Why did you wait twenty whole years before telling people your theory?

That is a fair question, and I am not entirely proud of the answer. I had the core idea — that species change over time through natural selection, meaning the best-adapted individuals survive and pass on their traits — already around 1838. But I knew what it meant. It challenged ideas people held very deeply, ideas about how the world was made. I kept working, kept gathering proof. I bred pigeons at Down House for years, studying how much variation one could produce. I wanted to be utterly certain before I spoke. Fear? Perhaps. But also something like respect for the weight of the claim.

Charles Darwin
Charles DarwinWikimedia Commons, Public domain — John Collier

How did you feel when a stranger sent you a letter with almost the same idea as yours?

In 1858, a letter arrived from Alfred Russel Wallace, a young naturalist working in the islands near Southeast Asia. He had independently reached the same theory I had spent twenty years developing. I was astonished — and, yes, a little shaken. Twenty years, and here was a stranger who had arrived at the same place! My friends Lyell and Hooker arranged for our two papers to be presented together at the Linnean Society in London. It was the right and honest thing. But that letter also freed me from my own hesitation. Within months, I sat down and wrote On the Origin of Species.
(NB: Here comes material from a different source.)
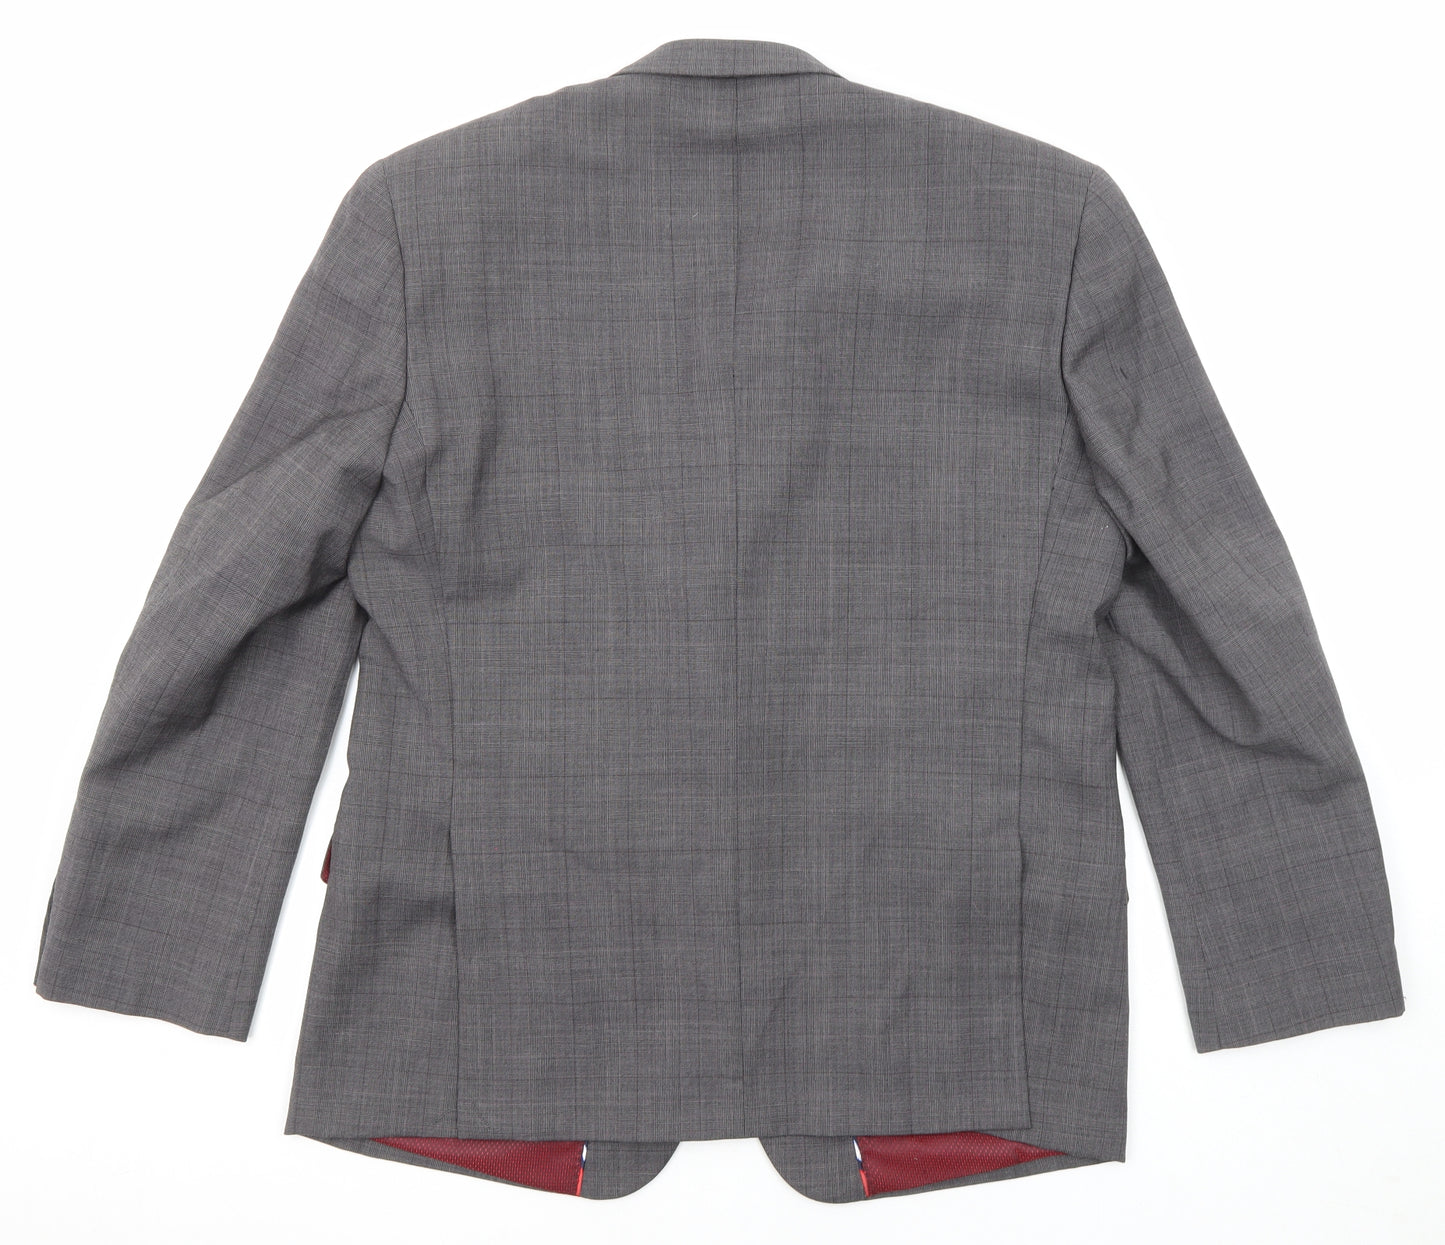 Skopes Mens Grey Check Wool Jacket Suit Jacket Size 42 Regular
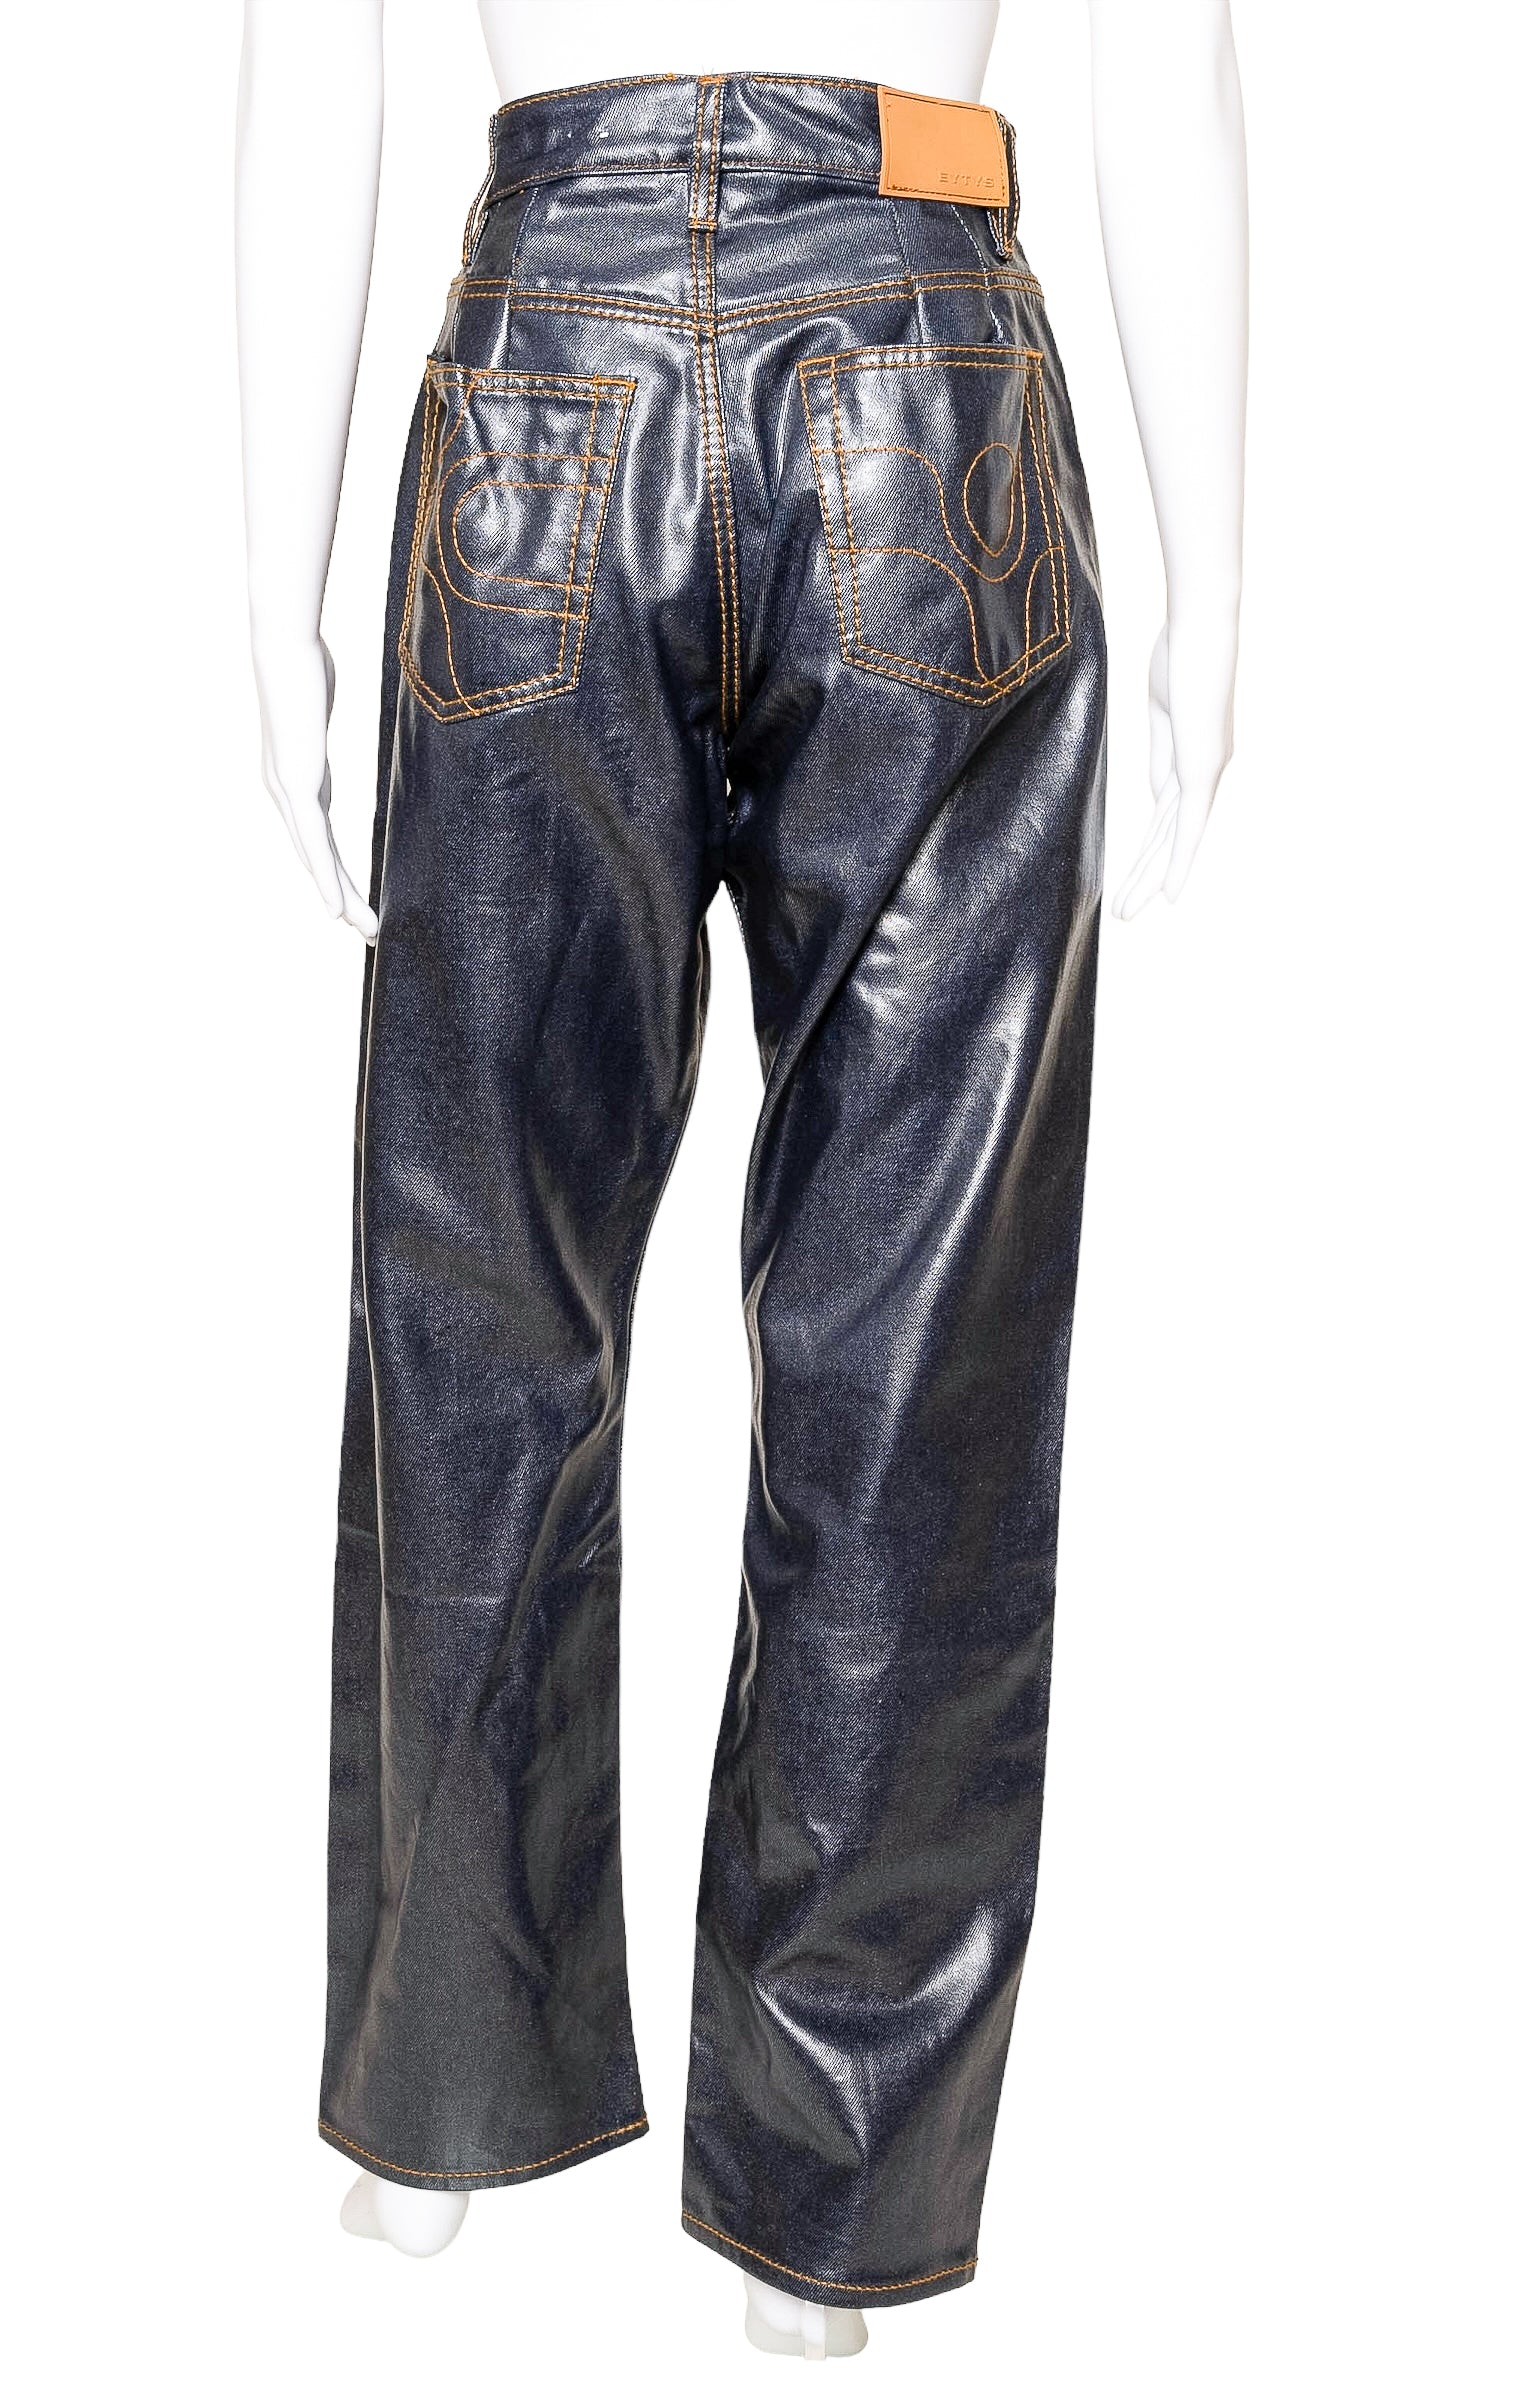 Post Bliv klar hovedsagelig EYTYS Jeans Size: Marked a size 33/32 but fit like US 6-8 – Kardashian  Kloset

Were you scared when so many people got angry after your book came out?

The first printing of On the Origin of Species was 1,250 copies. They all sold on the very first day of publication, in 1859. That alone told me something large had been set in motion. In 1860, a bishop named Wilberforce publicly mocked my ideas at Oxford, and my friend Thomas Huxley defended them with great force — I was too unwell to attend. Scared? I think the truer word is watchful. I had spent twenty years preparing my arguments. I knew they rested on solid ground. But sitting at Down House while the storm raged in London was not easy.

Does it feel strange to be buried next to Isaac Newton at Westminster Abbey?

When I wrote The Descent of Man in 1871, I stated plainly that the conclusion — that humans descend from some earlier form of life — would be, and I knew this, deeply disagreeable to many people. I was right. And yet, when I died in 1882, the nation buried me at Westminster Abbey, beside Newton. I had hoped for a quiet grave near my garden, honestly. But perhaps it means this: if your work is honest and patient, if it keeps asking questions and following evidence wherever it leads, it eventually finds its place — not because it silences those who disagree, but because the questions themselves refuse to go away.

If your work is honest and patient, it eventually finds its place.
See the full profile of Charles Darwin

This imaginary interview was generated by artificial intelligence from sources documented in Charles Darwin's profile. It dramatises what the figure might have said based on what we know about them, but does not constitute attested historical testimony. For primary sources and factual documentation, refer to the full profile.